Werden die Standortdaten erhoben, um den Diebstahlschutz zu optimieren und die Nutzer über diesen Ortungszweck informiert, dann müssen die Unternehmen auch an die Zweckbindung der Standortdaten denken. Es muss zum einen sicher gestellt werden, dass die Ortung nur dann erfolgt, wenn ein Fall von Verlust oder Diebstahl vorliegt und nicht etwa dauerhaft.

Dauer, Zweck und Umfang der Ortung vereinbaren

Zudem muss klar unterschieden werden, ob es sich um ein Privatgerät oder ein Firmengerät handelt. Die Ortung des Privatgerätes erfordert eine entsprechende BYOD-Vereinbarung, in der der Nutzer dieser Ortung ausdrücklich und informiert zustimmt.

Doch was, wenn es sich um ein betriebliches Gerät handelt, das auch privat genutzt werden darf? In diesem Fall muss die Ortung auf die Arbeitszeit eingeschränkt werden, sofern sie außerhalb der dienstlichen Nutzung nicht speziell vereinbart ist. Das Unternehmen könnte die private Nutzung auch nur unter der Auflage erlauben, dass eine Ortung des Gerätes stattfinden darf.

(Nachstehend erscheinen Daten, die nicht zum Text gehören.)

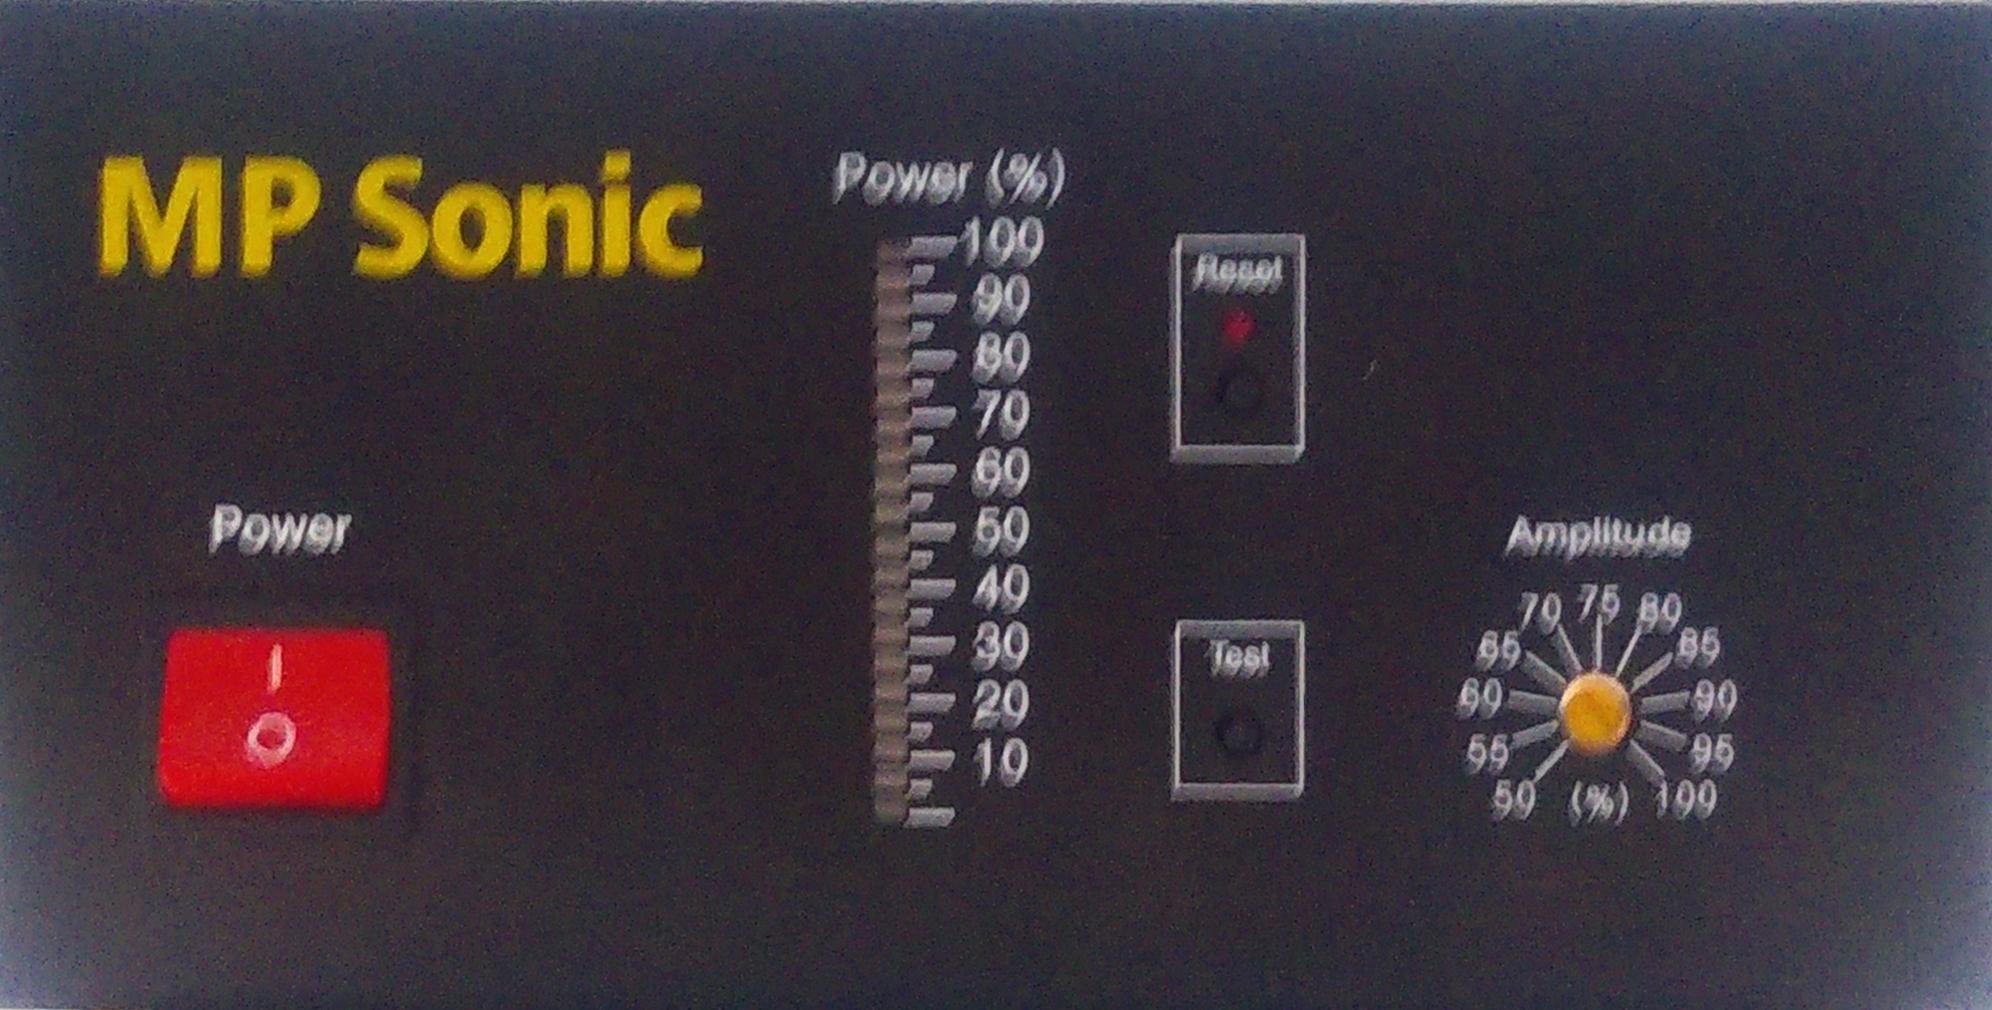 40K 800W Handheld Ultrasonic Welder

Spezielle Datenschutzeinstellungen sinnvoll

In jedem Fall muss verhindert werden, dass eine Ortung mit dem Ziel der Endgerätesicherheit dazu führt, dass der Arbeitgeber seine Beschäftigten im Privatleben kontrollieren könnte. MaaS 360 von Fiberlink zum Beispiel bietet die Möglichkeit, dass datenschutzrelevante Funktionen beim Mobile Device Management nicht ausgewertet werden, darunter standortabhängige Daten wie der genutzte WLAN Access Point, die GPS-Koordinaten und die IP-Adresse. Eine solche Datenschutz-Option greift eine wichtige Herausforderung bei der datenschutzfreundlichen Umsetzung von BYOD auf.

Umfragen des Marktforschers Harris haben zum Beispiel gezeigt, dass nur 15 Prozent der Beschäftigten nicht besorgt sind, dass ihr Arbeitgeber ihren aktuellen Aufenthaltsort außerhalb der Arbeitszeit nachvollziehen kann.

Unternehmen sollten deshalb immer daran denken: Standortdaten sind wichtige Faktoren bei der Risikoanalyse und der Anpassung der Sicherheitsmaßnahmen. Sie sind aber auch eine mögliche Bedrohung der Privatsphäre, die ausgeschlossen werden muss.